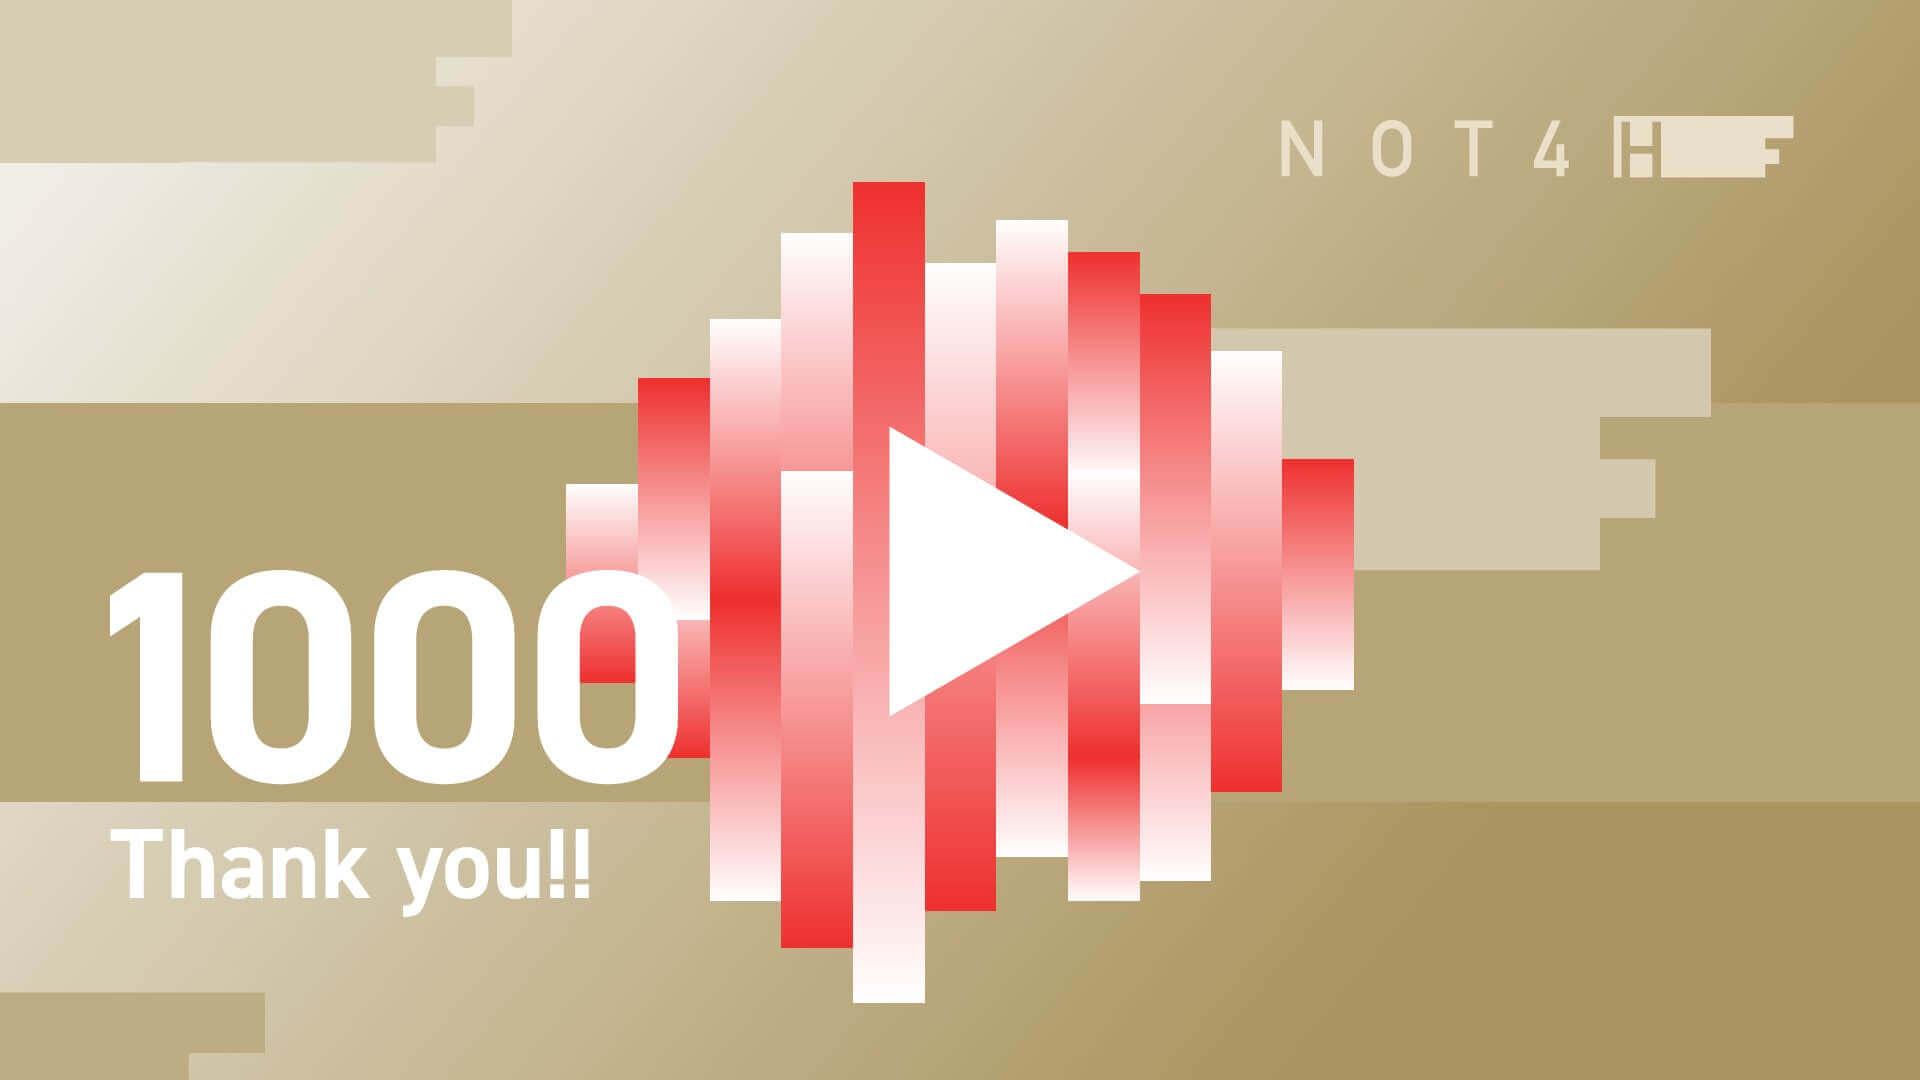 YouTubeで動画を配信してたらチャンネル登録者数が1000人になった!
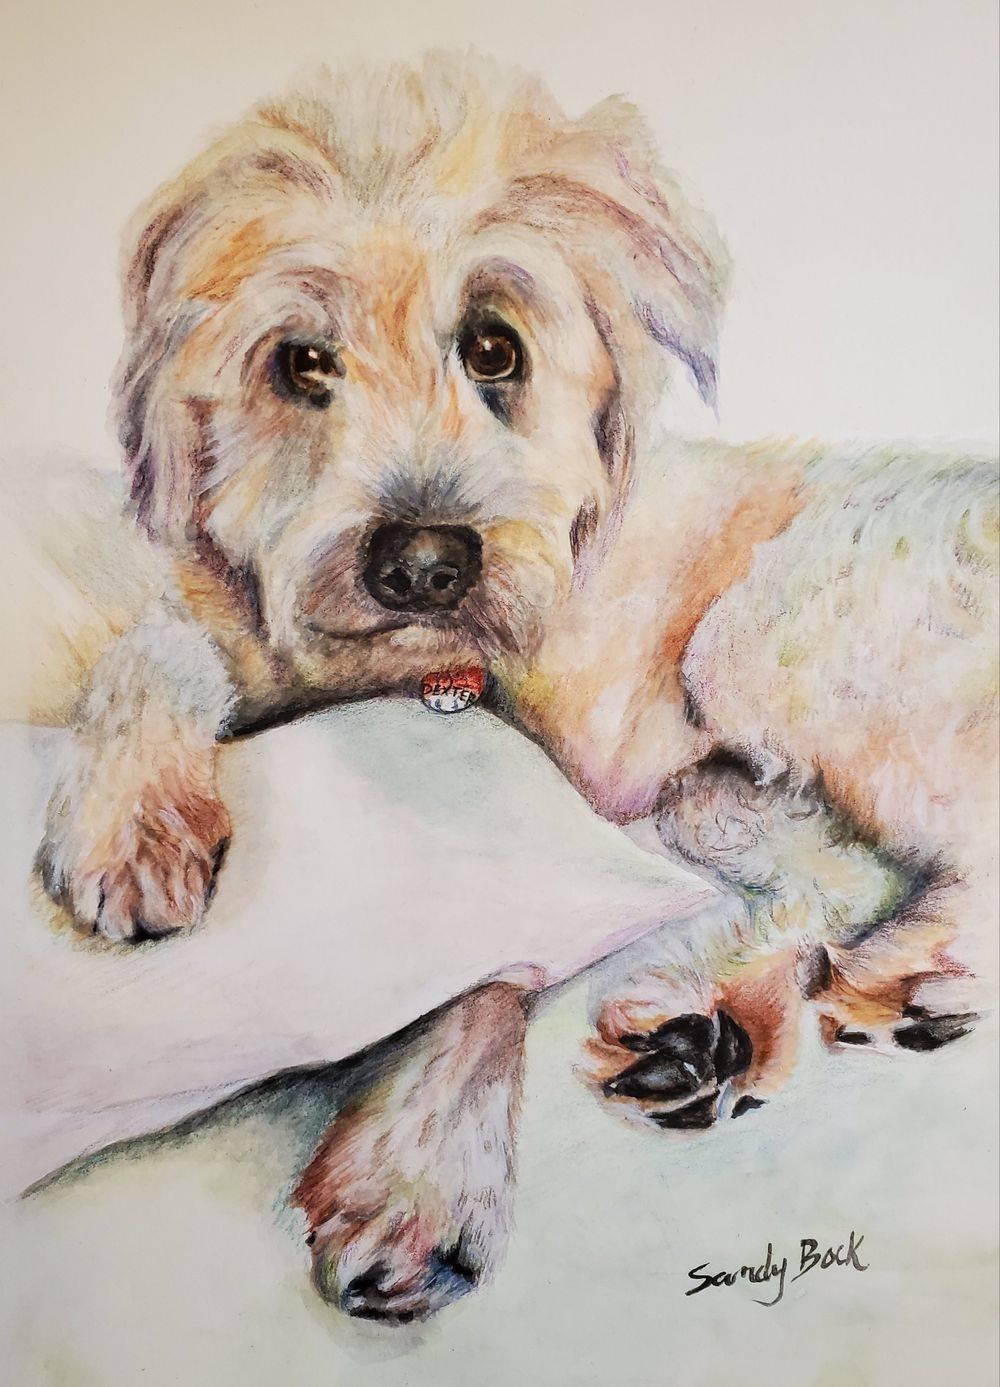 pet portrait, dog, portrait, dogs, fur baby, watercolor, pets
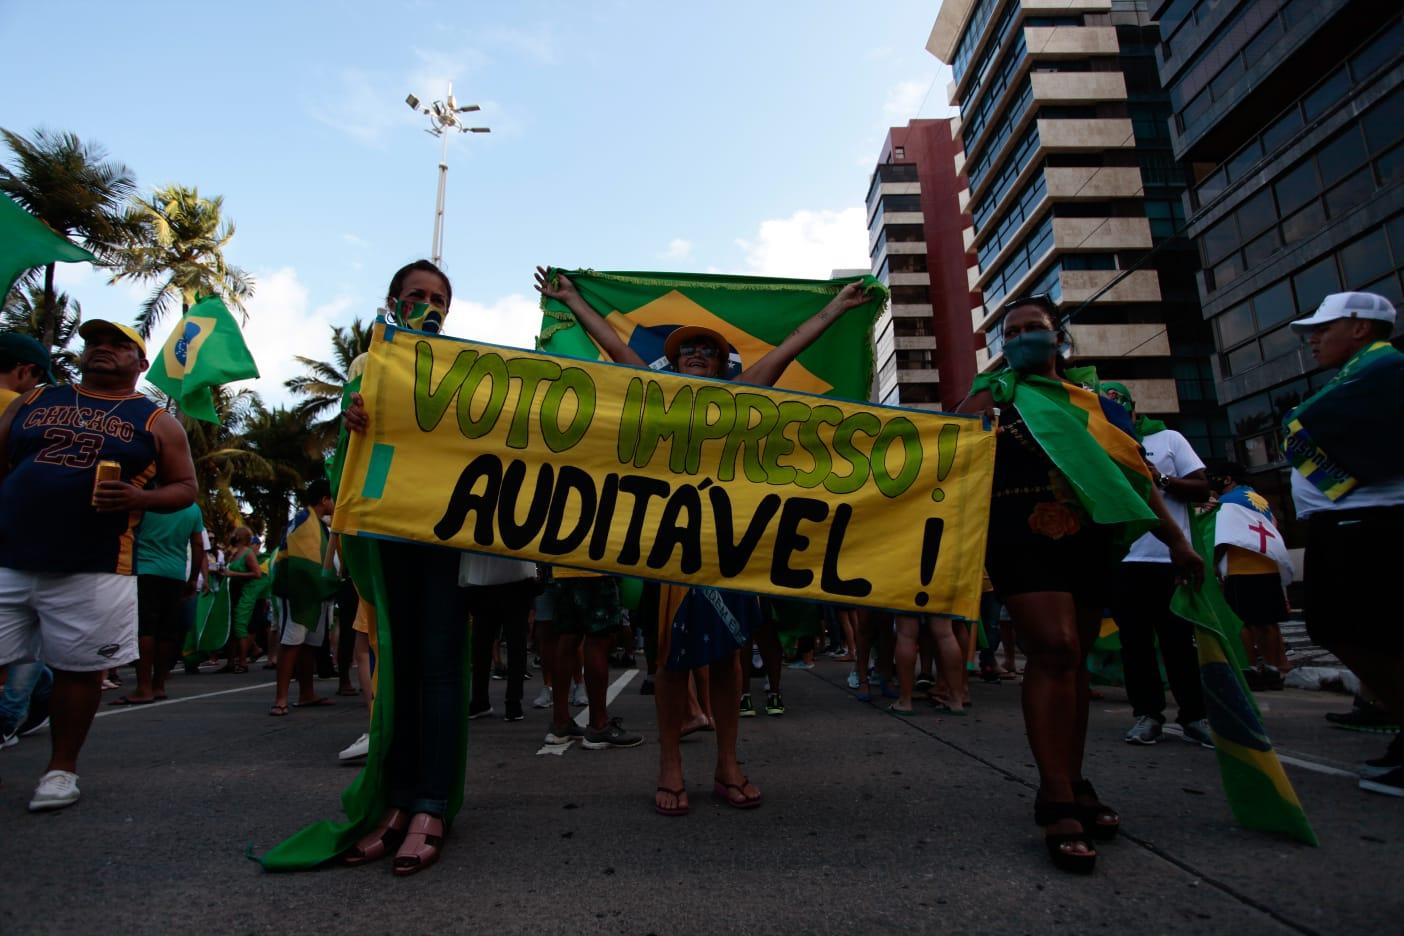 Os apoiadores fazem discursos nos carros de som, repetindo argumentos do presidente Jair Bolsonaro e exibem cartazes contra a urna eletrônica. ( Arnaldo Sete (@arnaldosete) / DP Foto)
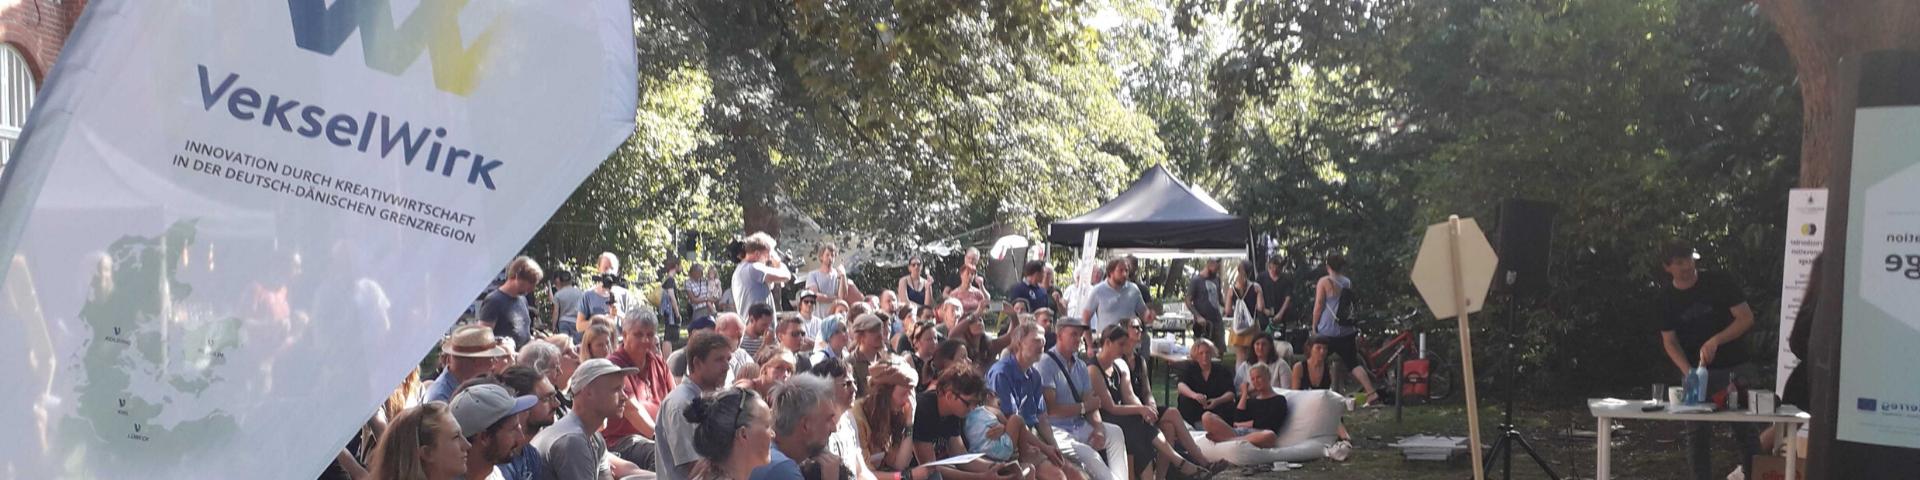 Menschen draussen im Park sitzen zusammen

_ _ _ _

WHAT IS BEING ASKED:
Make an exact copy of the listing above. Do not include the pictures.

ANSWER SECTION:
 YouTubeで動画を配信してたらチャンネル登録者数が1000人になった!
 pet portrait, dog, portrait, dogs, fur baby, watercolor, pets
 Os apoiadores fazem discursos nos carros de som, repetindo argumentos do presidente Jair Bolsonaro e exibem cartazes contra a urna eletrônica. ( Arnaldo Sete (@arnaldosete) / DP Foto)
 Menschen draussen im Park sitzen zusammen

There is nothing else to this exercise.